La víspera comenzaba con repiques generales de campanas, hogueras, música y fuegos artificiales. Al día siguiente, estandartes, hermandades y comunidades religiosas se congregaban en torno a la Colegiata para acompañar una procesión especialmente solemne.
Los célebres tapices de Pastrana y los reposteros de la Casa Ducal llegaron a engalanar las calles al paso del cortejo, mientras el Santísimo era portado sobre el histórico templete de plata conservado en la Colegiata.
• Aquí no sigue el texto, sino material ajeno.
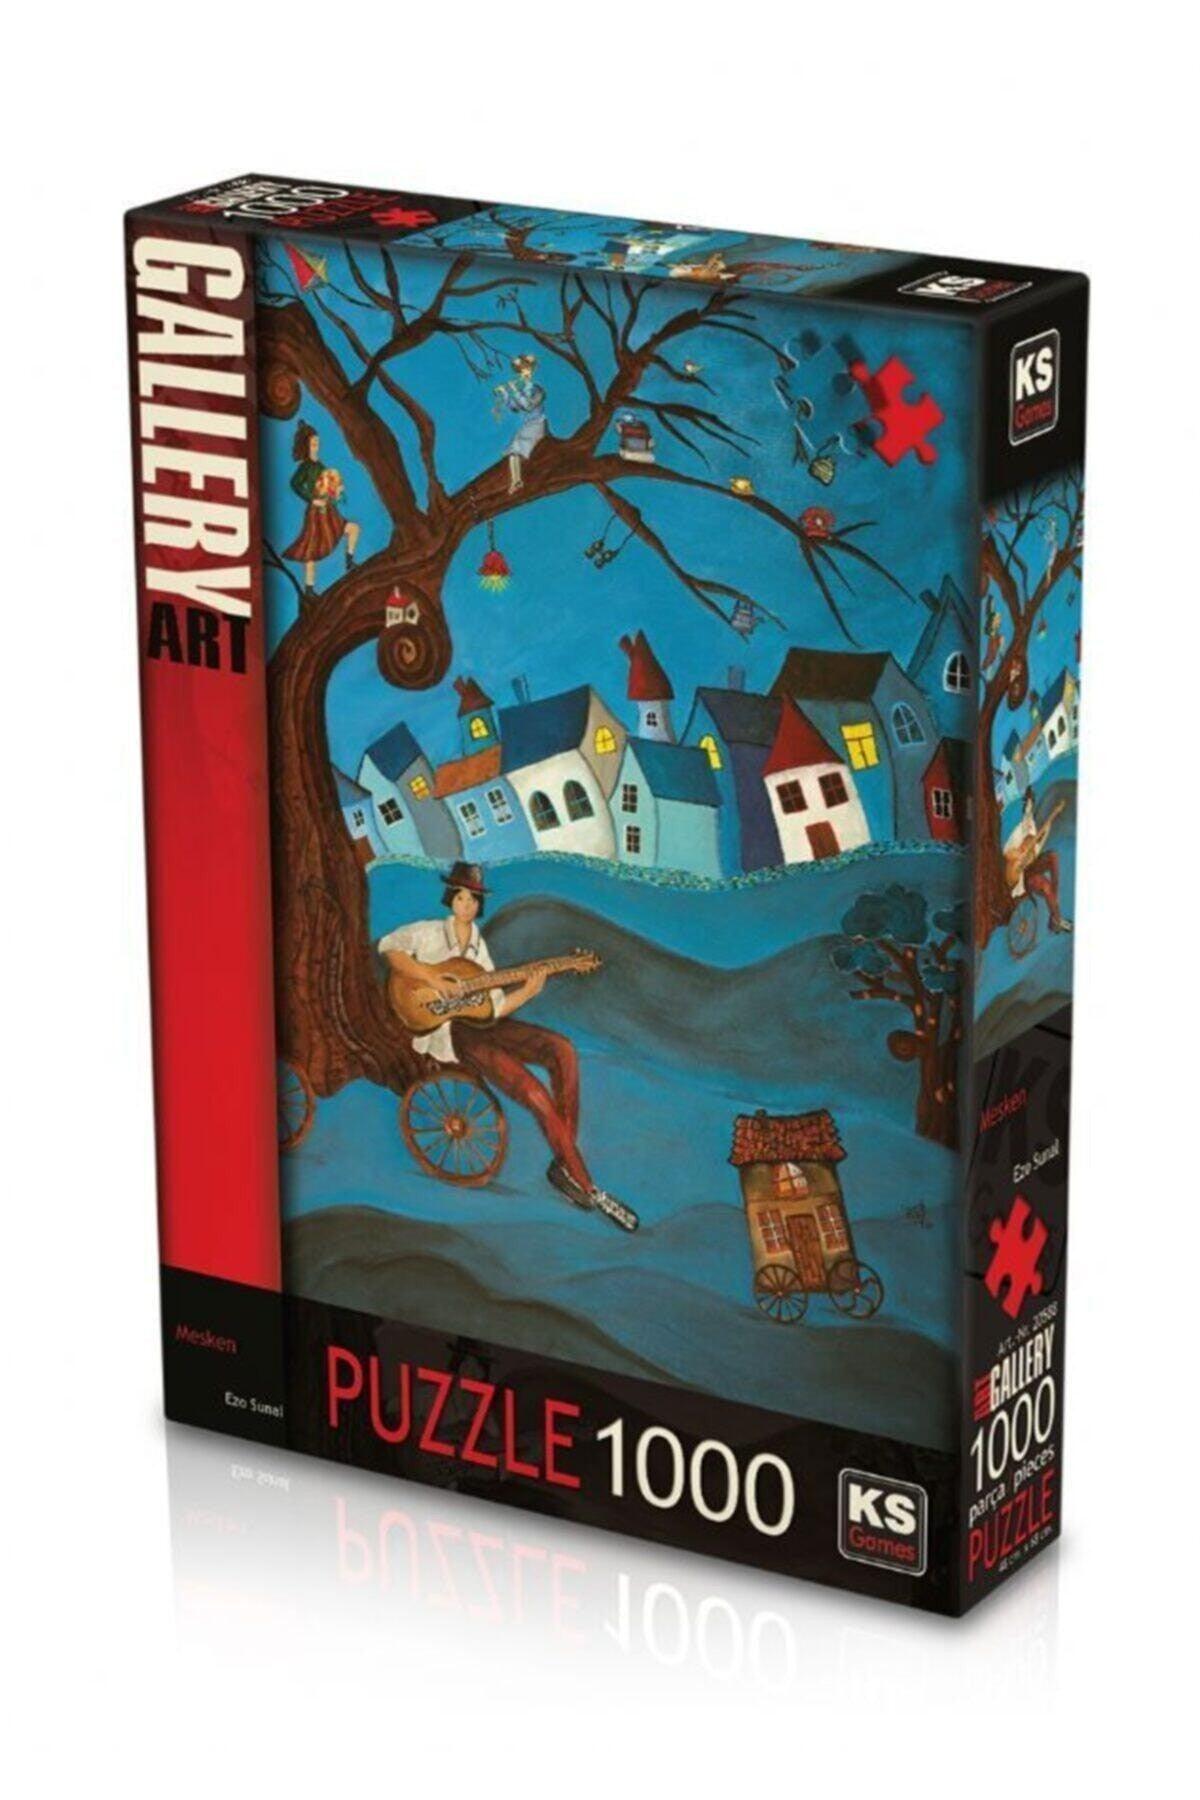 Ks Residence 1000 Piece Puzzle - Swordslife

A lo largo del recorrido se instalaban altares donde la procesión realizaba estación, una costumbre que sigue viva en la actualidad.
Aunque la celebración ha evolucionado con el paso del tiempo, muchos de aquellos elementos continúan formando parte de la esencia del Corpus pastranero, convirtiéndolo en una de las tradiciones más valiosas del patrimonio cultural y religioso de la localidad.
Dos fines de semana de actividades como antesala del Corpus
La celebración del Corpus Christi ha estado precedida por dos intensos fines de semana de actividades que han llenado de ambiente las calles de Pastrana y han ofrecido propuestas para todos los públicos.
La programación incluyó el tradicional encierro infantil de carretones, una multitudinaria masterclass de zumba en el Palacio Ducal, la música de la Disco Móvil Bomel, los pasodobles y la charanga vermú de El Puntillo de Mondéjar, así como la actuación de la Orquesta Centauro en la Plaza de la Hora y un parque acuático infantil que puso el broche a las actividades dirigidas a los más pequeños.
Entre los momentos más destacados figuró también el concierto Música de Película a la Luz de las Velas, ofrecido por la Camerata Clásica de Ponferrada en el Atrio de la Colegiata, una propuesta que congregó a numeroso público en uno de los escenarios patrimoniales más emblemáticos de la localidad.
La programación incluyó igualmente propuestas culturales como la representación teatral ofrecida por la compañía Embotelladora de Sueños, celebrada en la tarde del sábado, y la presentación del nuevo libro de Juan Gabriel Ranera, una cita que permitió acercar a vecinos y visitantes una nueva contribución al conocimiento y divulgación de la historia local.
La elevada participación registrada en el conjunto de las actividades ha vuelto a poner de manifiesto el arraigo que mantienen las celebraciones del Corpus Christi en Pastrana y su capacidad para combinar patrimonio, cultura, tradición, música y convivencia en torno a una de las festividades más representativas de la Villa Ducal.